Judge Sykes' Speech Getting Attention

An article in The American Spectator focuses on three female jurists and their recent speeches. Those three women are former Justice Sandra Day O'Connor, Judge Edith Jones of the Fifth Circuit Court of Appeals, and Judge Diane Sykes of the Seventh Circuit Court of Appeals. Sykes' speech, given at Marquette University, is praised by writer Quin Hillyer as "a compelling case that the Wisconsin high court in 2004-05 has, not just in results but in conventions of legal reasoning, made a radical (and dangerous) shift away from accepted norms." As I have stated in the past, I totally agree.

Judge Diane Sykes

Hillyer also acknowledges the recent high profile attention that Judge Sykes has received and why it is deserved.
It is for good reason that young Judge Sykes (born in 1957) is on many handicappers' short lists for the next Supreme Court opening.

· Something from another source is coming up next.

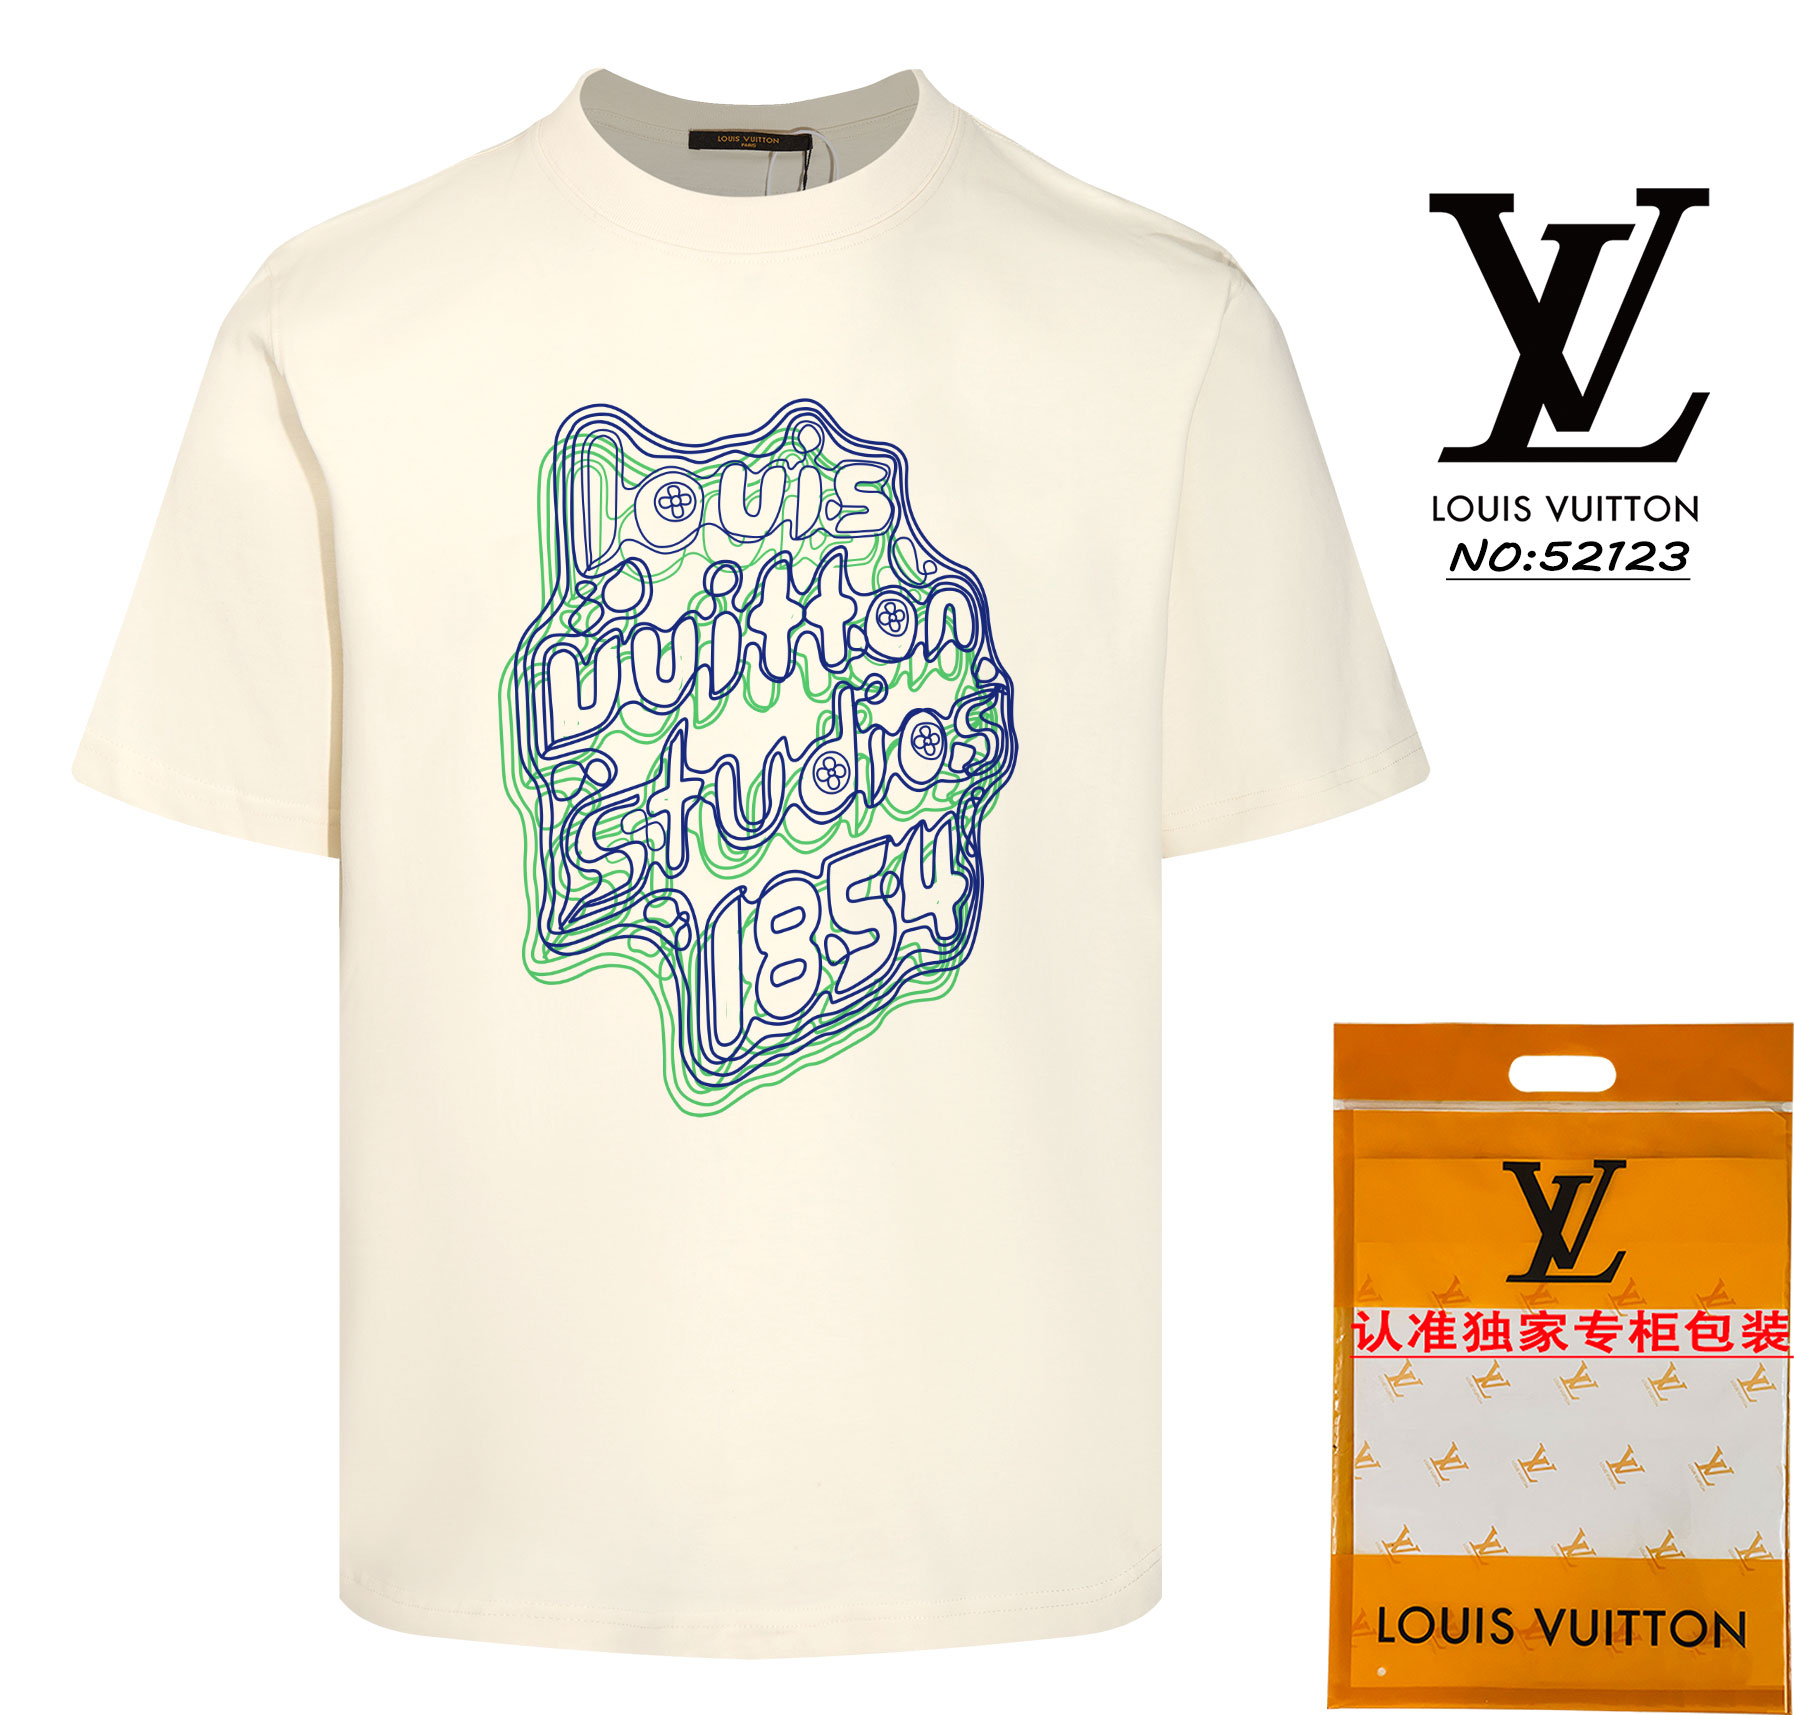 7 Star Collection
 Louis Vuitton Clothing T-Shirt Apricot Color Black White Unisex Short Sleeve

Her speech, a critique of the most recent term of the Wisconsin Supreme Court (of which she was a member until joining the federal appellate court in 2004), was a model of clarity, sound reasoning, and correct (humble, textualist) judicial principle.
I think that Judge Sykes is probably one of two names on the "female list" for the next Supreme Court vacancy. The other name is Judge Karen Williams of the Fourth Circuit Court of Appeals.


Judge Karen Williams

She has strong Senate support and has been on her court for almost 13 years. That's a long, Alito-like record. Judge Williams reminds me a lot of Justice Rehnquist during the early to mid 1970s. This might make her a more attractive pick than Judge Sykes.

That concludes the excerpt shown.